Dezocine was discovered and patented by American Home Products Corp. in 1978. Dezocine is a partial opiate drug and was used for pain management under brand name Dalgan. But then usage of this drug was discontinued in US. Dezocine acts as a partial μ-receptor agonist, a κ-receptor antagonist, and a norepinephrine and serotonin reuptake inhibitor (via norepinephrine transporter and serotonin transporter). Dezocine shares the CNS depressant and respiratory depressant effects of opioid analgesics. Dezocine has not been shown to produce clinically significant cardiovascular adverse effects.
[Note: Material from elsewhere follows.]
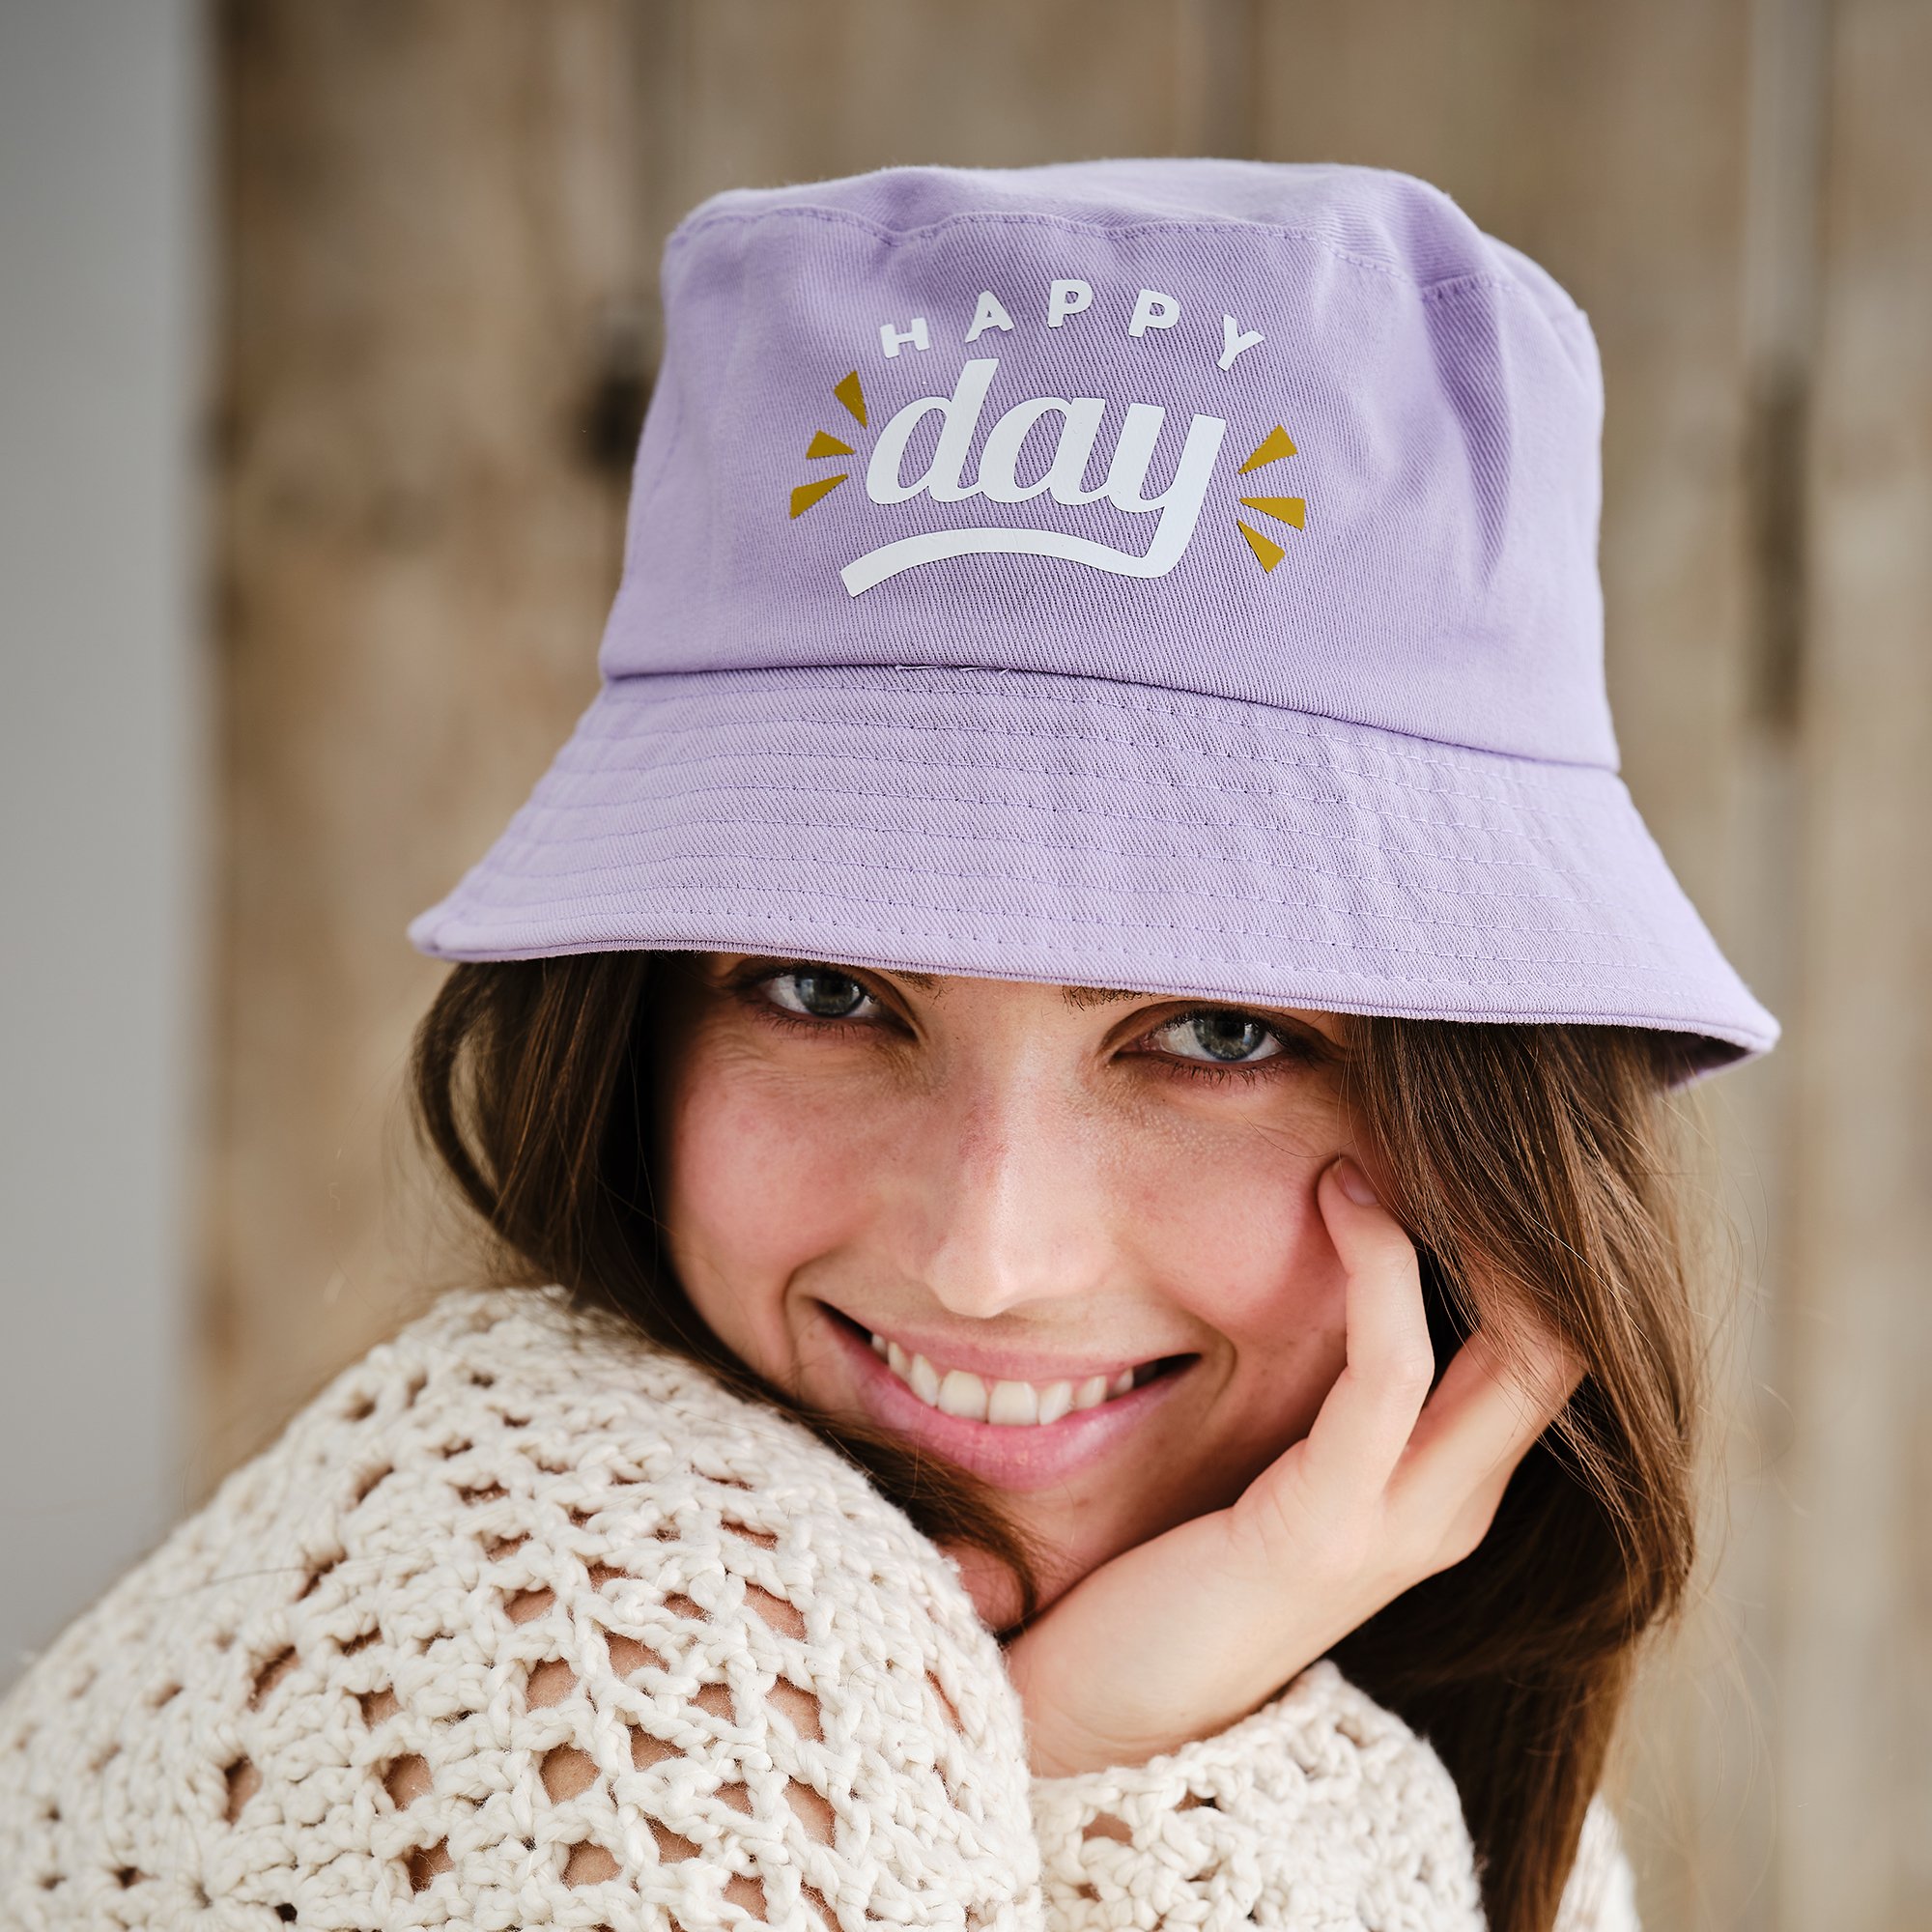 How to Make a Summer Hat with the Cricut Joy - The Happy Scraps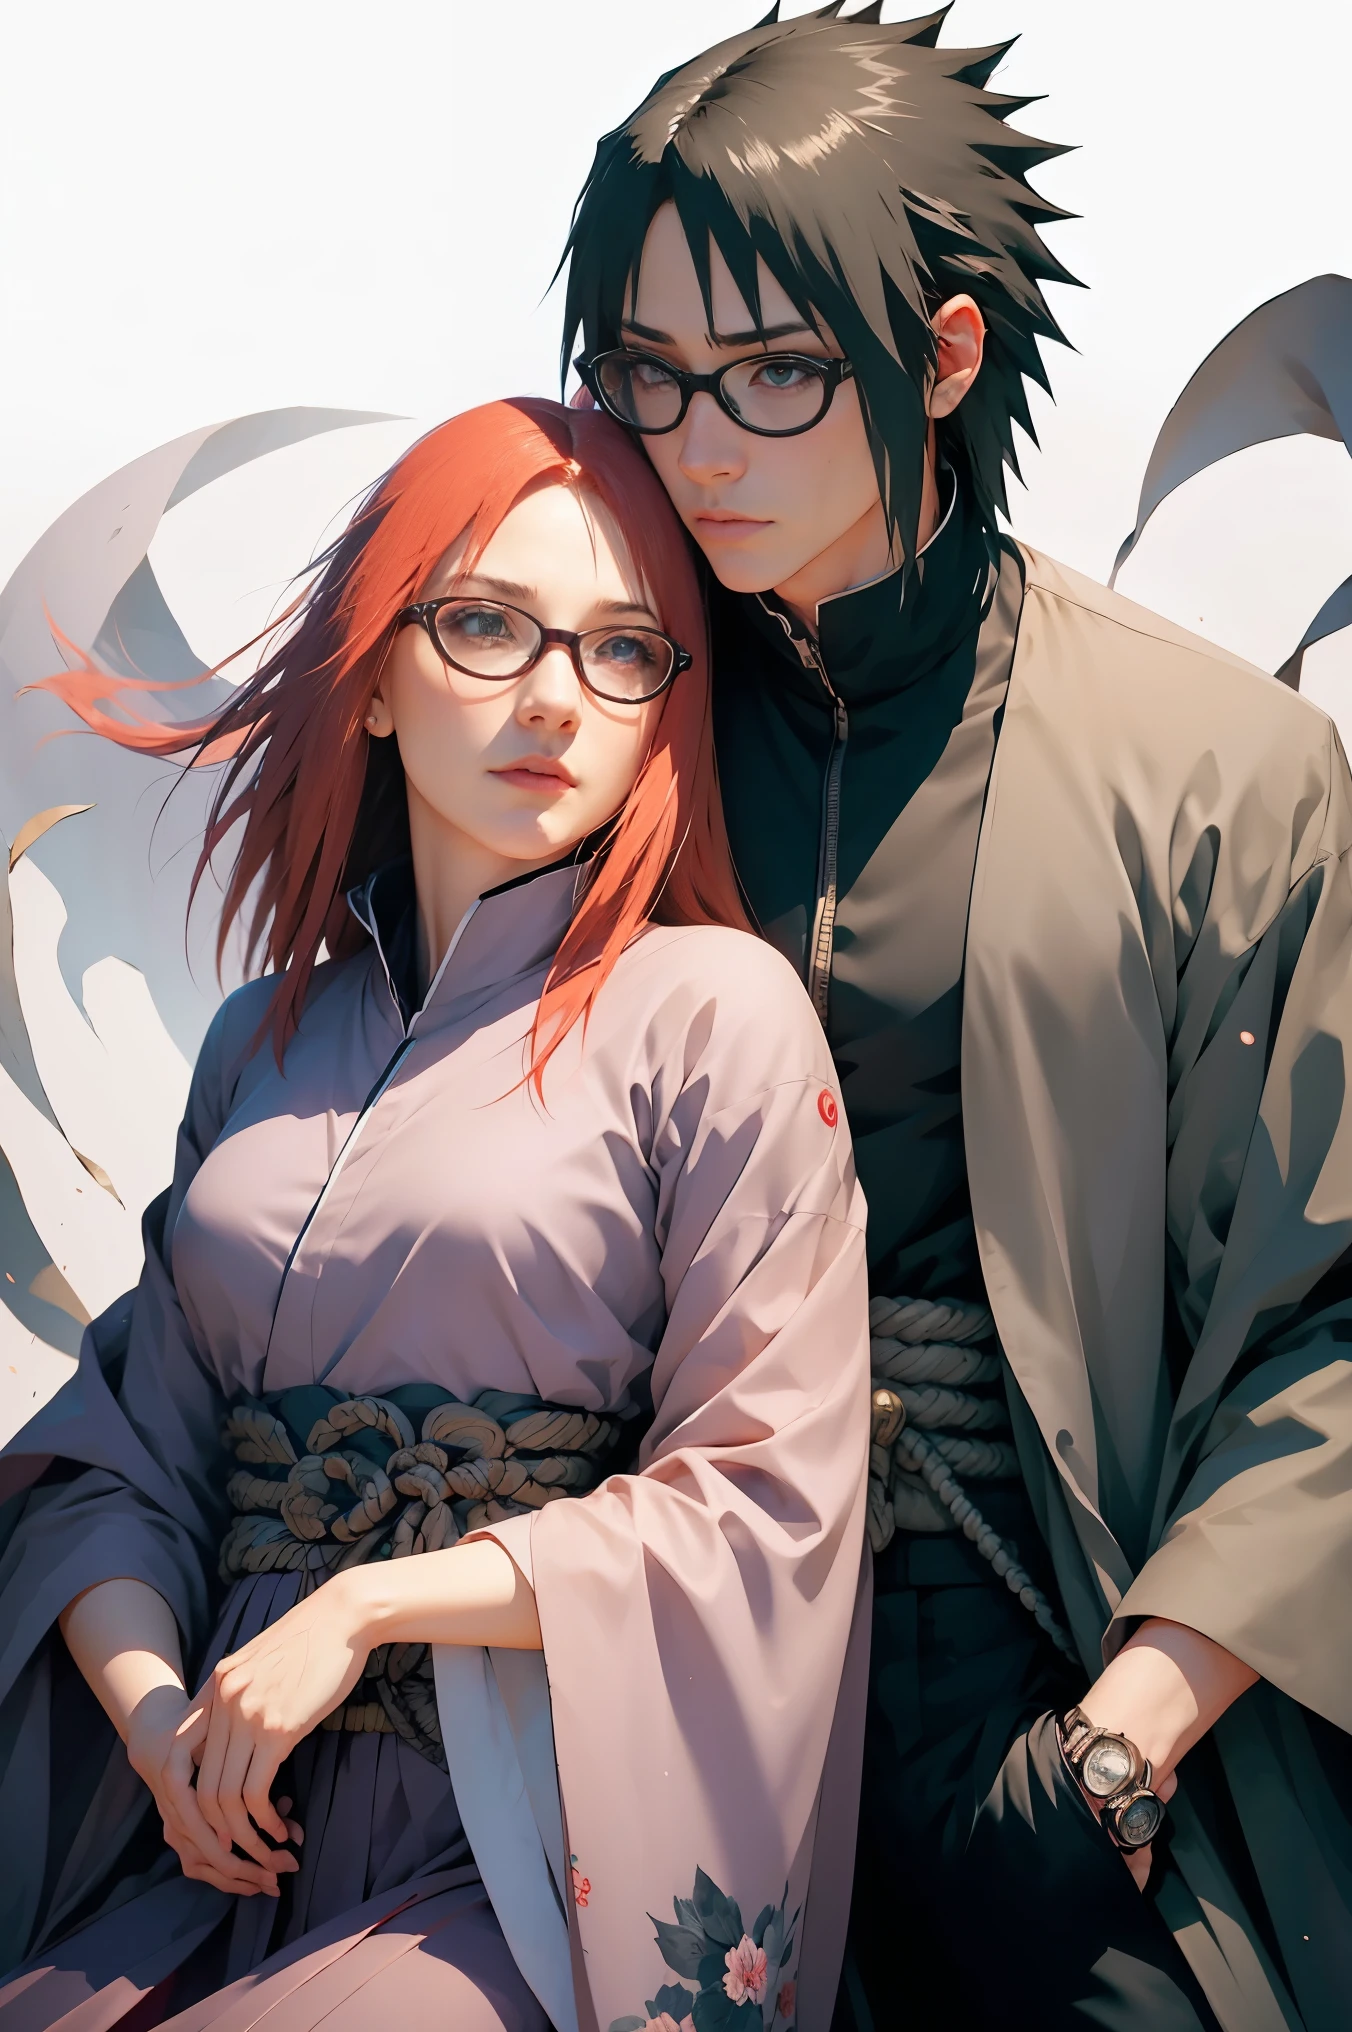 ,1 moon，Romantic couple kissing in the wind，anatomy correct, Delicate pattern，Oriental elements，Ink painting style, Clean colors, red scarletspace, Soft lighting, ( Bokeh)，Masterpiece, Super detailed, Epic composition, Highest quality, 8K，1boy ( Sasuke uchiha with onyx spikes in a dark blue outfit, 1girl (Karin Uzumaki beautiful face, with beautiful dark red hair, red eyes, glasses, in a purple outfit.)

(-)-Phenazocine is an opioid analgesic drug, which is related to pentazocine and has a similar profile of effects. (-)-Phenazocine is a potent mu opioid receptor agonist. In addition, (−)-phenazocine is also known to bind to δ opioid receptors (DOR) and κ opioid receptors (KOR). Regarding their analgesic potency, (−)-phenazocine was twenty times more potent than morphine in the hot plate test and sixty times more potent than its dextro enantiomer when it was subcutaneously (s.c.) administered

Dihydrocodeine is an opioid analgesic used as an alternative or adjunct to codeine to treat moderate to severe pain, severe dyspnea, and cough. It is semi-synthetic, and was developed in Germany in 1908 during an international search to find a more effective antitussive agent to help reduce the spread of airborne infectious diseases such as tuburculosis. It was marketed in 1911. Dihydrocodeine is metabolized to dihydromorphine -- a highly active metabolite with a high affinity for mu opioid receptors. Dihydrocodeine is used for the treatment of moderate to severe pain, including post-operative and dental pain. It can also be used to treat chronic pain, breathlessness and coughing. In heroin addicts, dihydrocodeine has been used as a substitute drug, in doses up to 2500mg/day to treat addiction.